A menos que se vá além do neoliberalismo, o revés desses reacionários será apenas temporário, adverte o economista indiano Prabhat Patnaik
Há um debate em curso no Brasil e no mundo atualmente sobre as causas do ressurgimento do fascismo. O consenso entre os estudiosos é de que não se trata de um fenômeno localizado. Há um aumento das forças de extrema direita em quase todos os continentes. As ondas fascistas surgiram com mais intensidade e se exacerbaram após a crise financeira de 2008, que marcou o esgotamento da ofensiva neoliberal em todo o mundo.
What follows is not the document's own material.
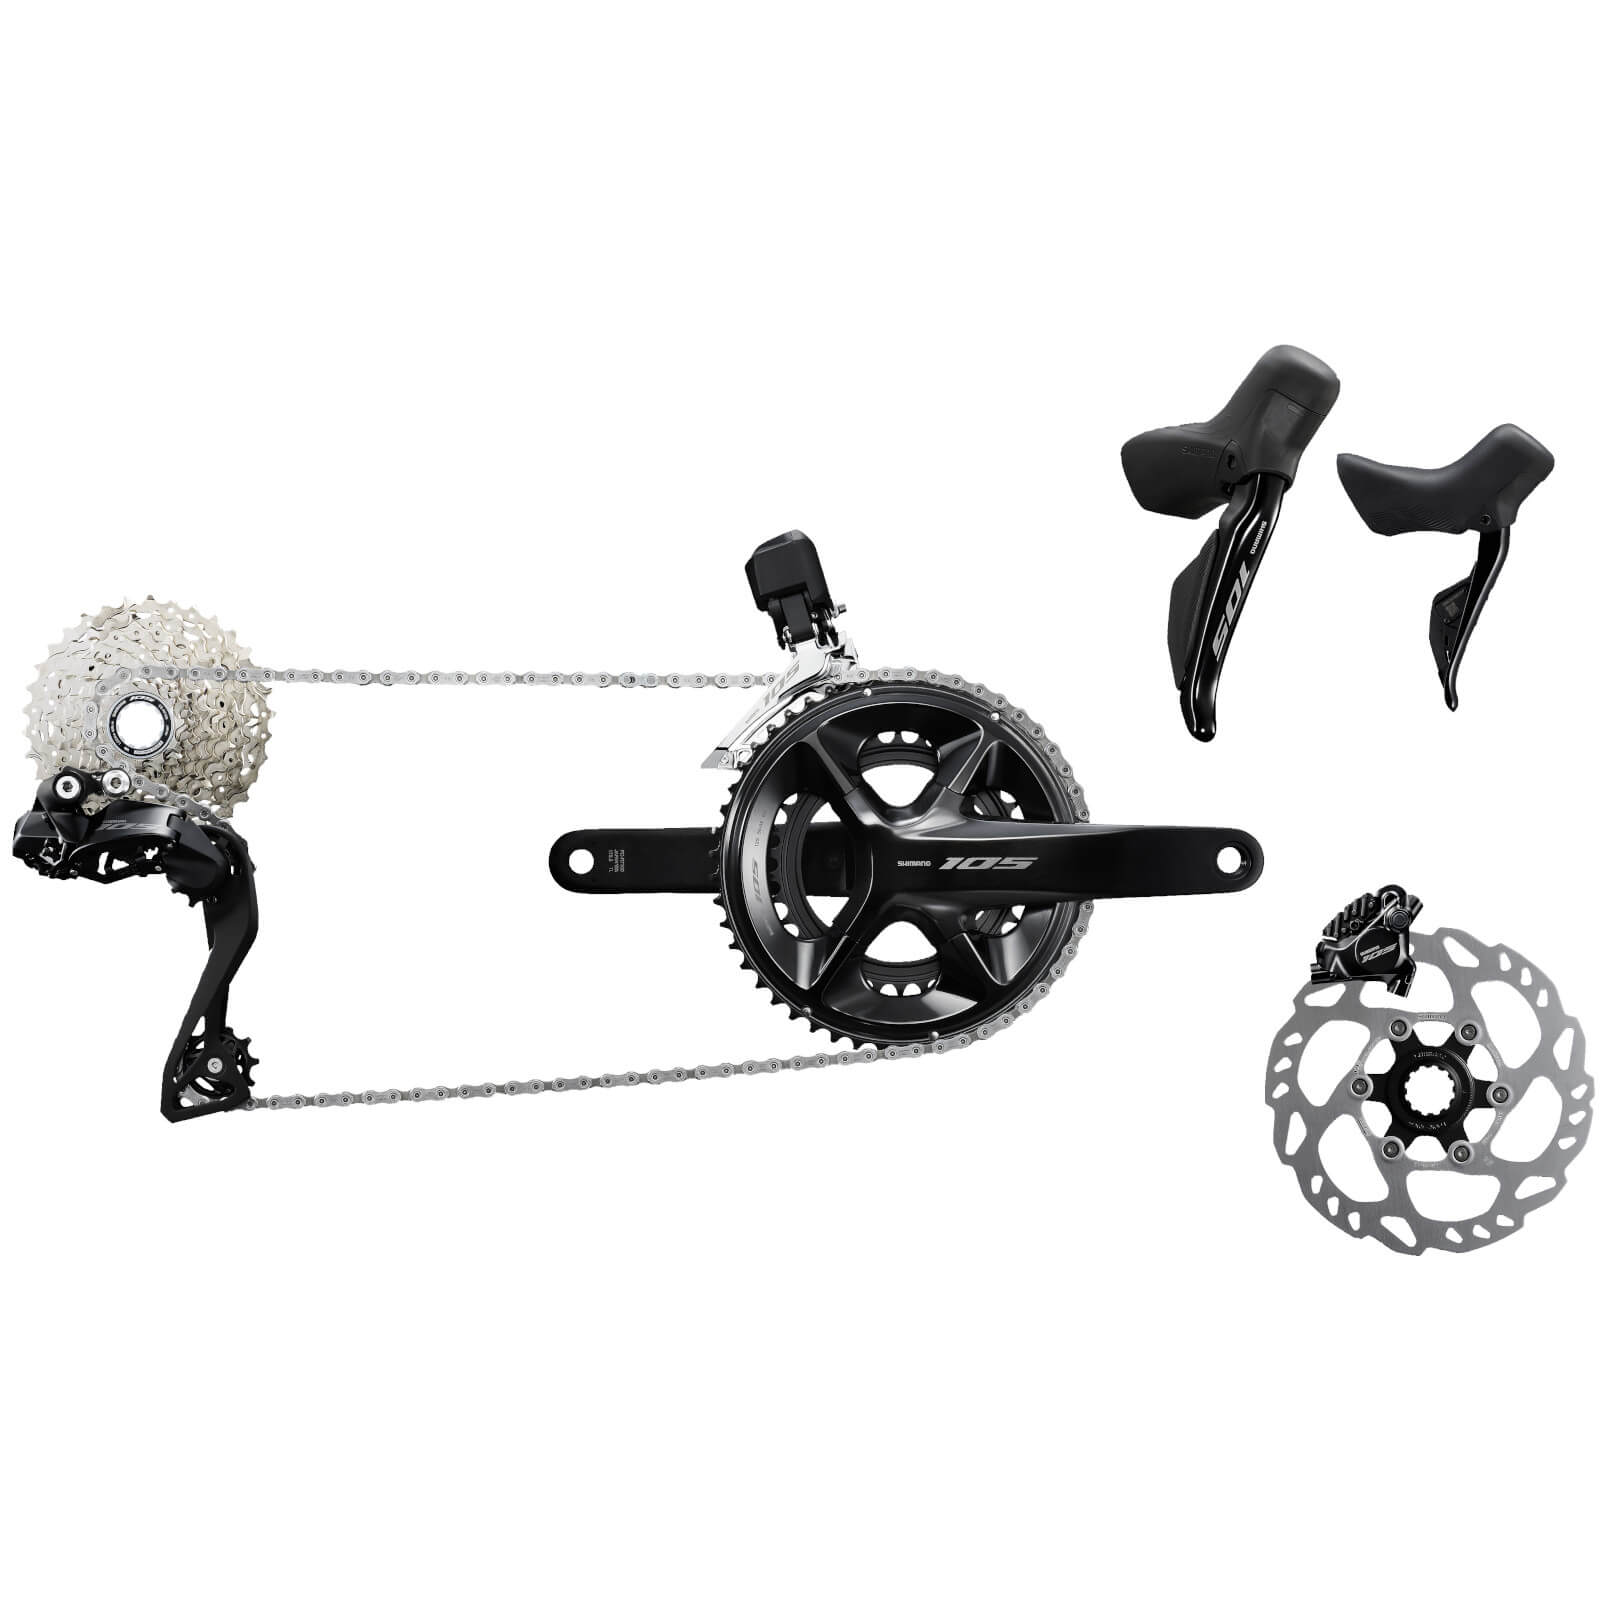 Image of Shimano 105 Di2 Disc 12 Speed Groupset - 172.5mm

Agora, para impor o neoliberalismo, o grande capital lança mão do terror e das ditaduras.
MARGINAIS
É certo dizer que grupos fascistas já existem espalhados em praticamente todos os países, mas é certo também afirmar que a característica deles é serem quase sempre grupos marginais e isolados dentro da sociedade. Alguns com características próprias, mas com muitas coisas comuns entre eles – principalmente o reacionarismo. Esses grupos só adquirem importância social e política quando passam a ser instrumentalizados, insuflados e financiados pela parcela mais apodrecida do capital financeiro. O capital os financia para que eles cumpram determinadas funções políticas em socorro de seus privilégios ameaçados.
Estes foram os casos dos fascismos, alemão e italiano, nas décadas de 20 e 30 do século XX. Eles foram fortemente financiados pela oligarquia financeira ocidental com o objetivo de cumprirem a “missão” de destruir a revolução russa e esmagar a nascente República Soviética.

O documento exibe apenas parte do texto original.